++++ Data excerpt
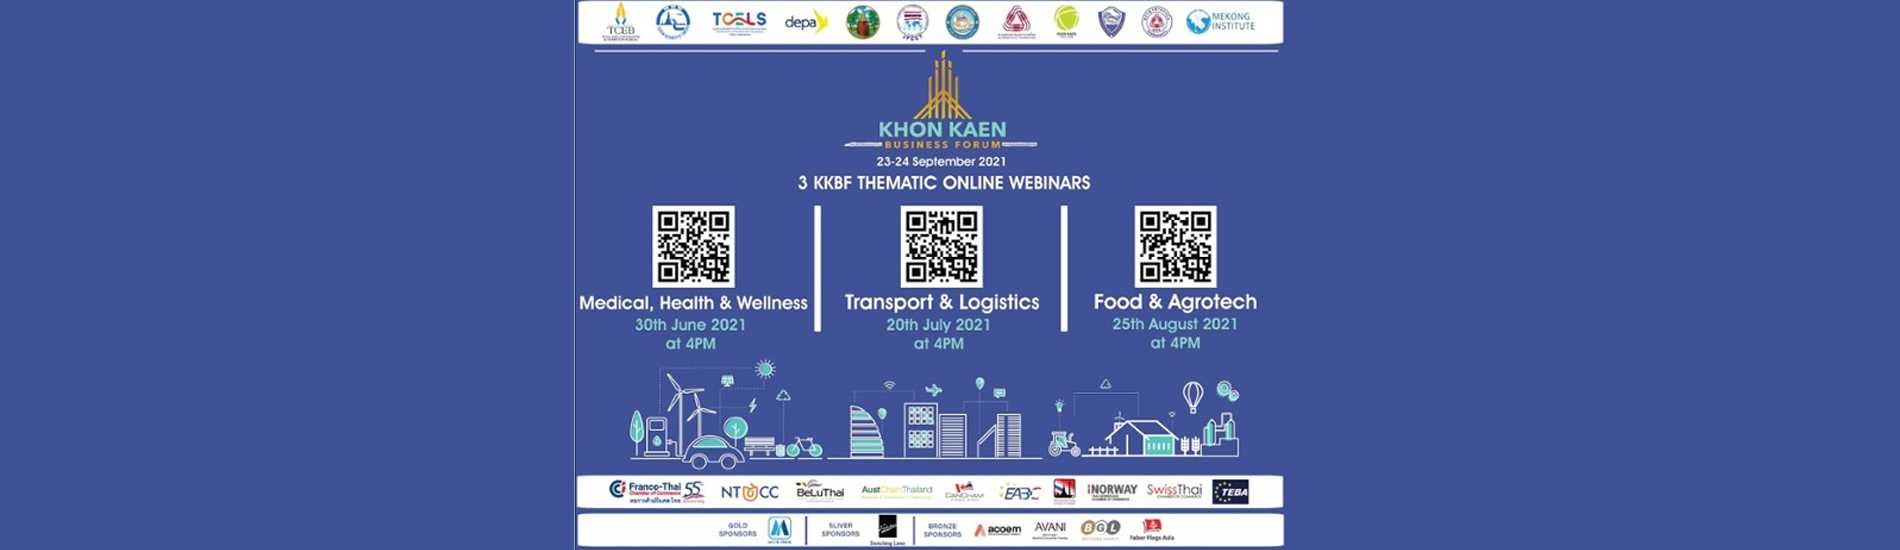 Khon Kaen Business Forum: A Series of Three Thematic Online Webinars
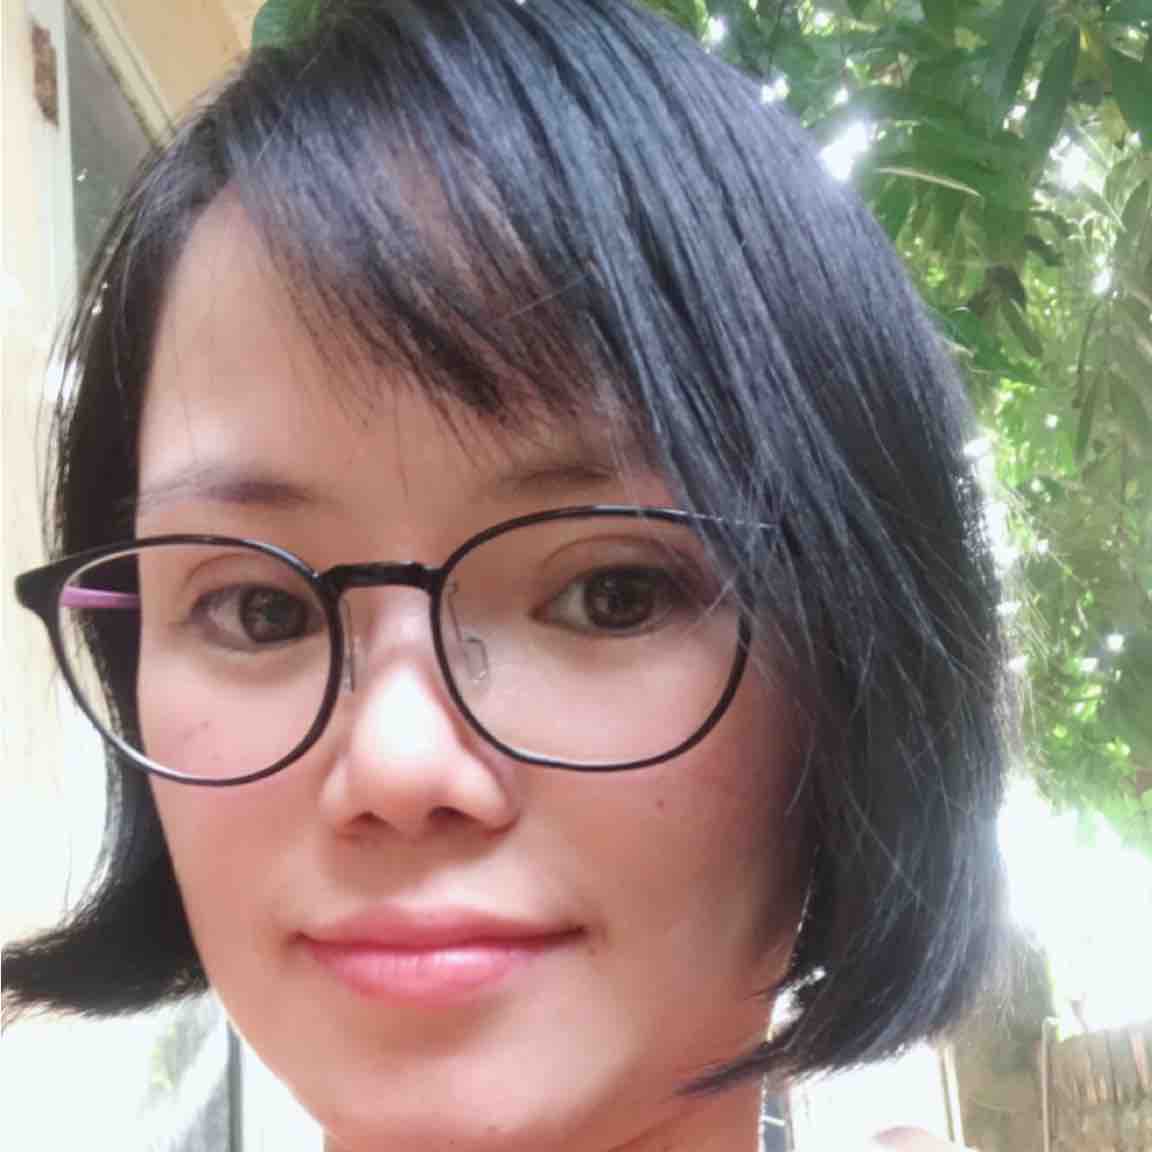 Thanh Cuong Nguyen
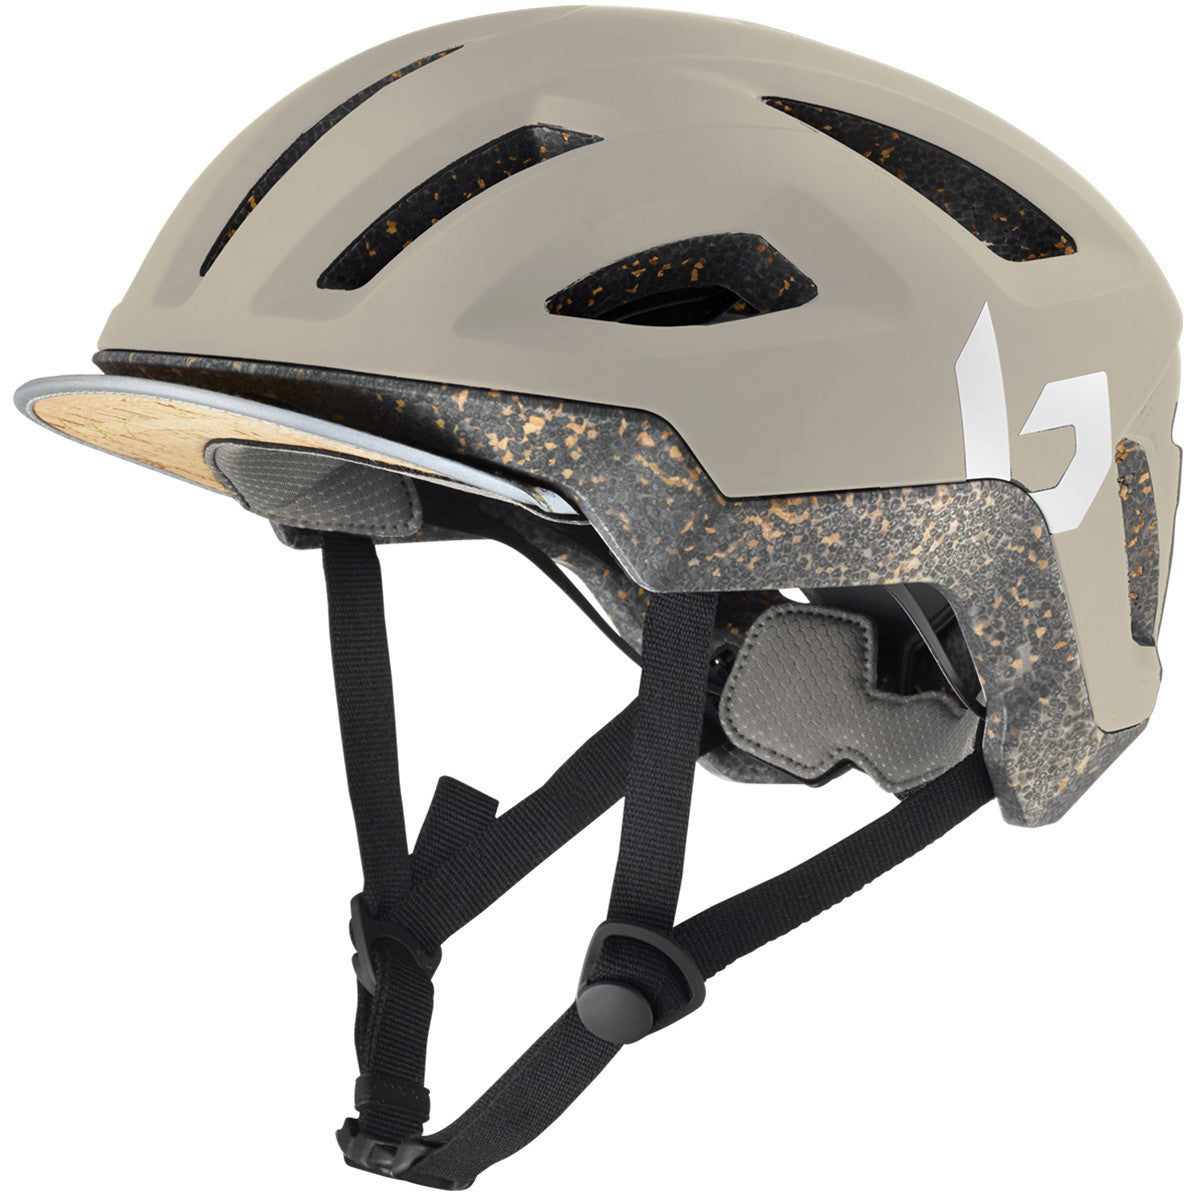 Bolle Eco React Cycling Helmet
++++++++
The problem: Repeat the data exactly. Pictures should not appear.

Answer box:
 Khon Kaen Business Forum: A Series of Three Thematic Online Webinars
 Thanh Cuong Nguyen
 Bolle Eco React Cycling Helmet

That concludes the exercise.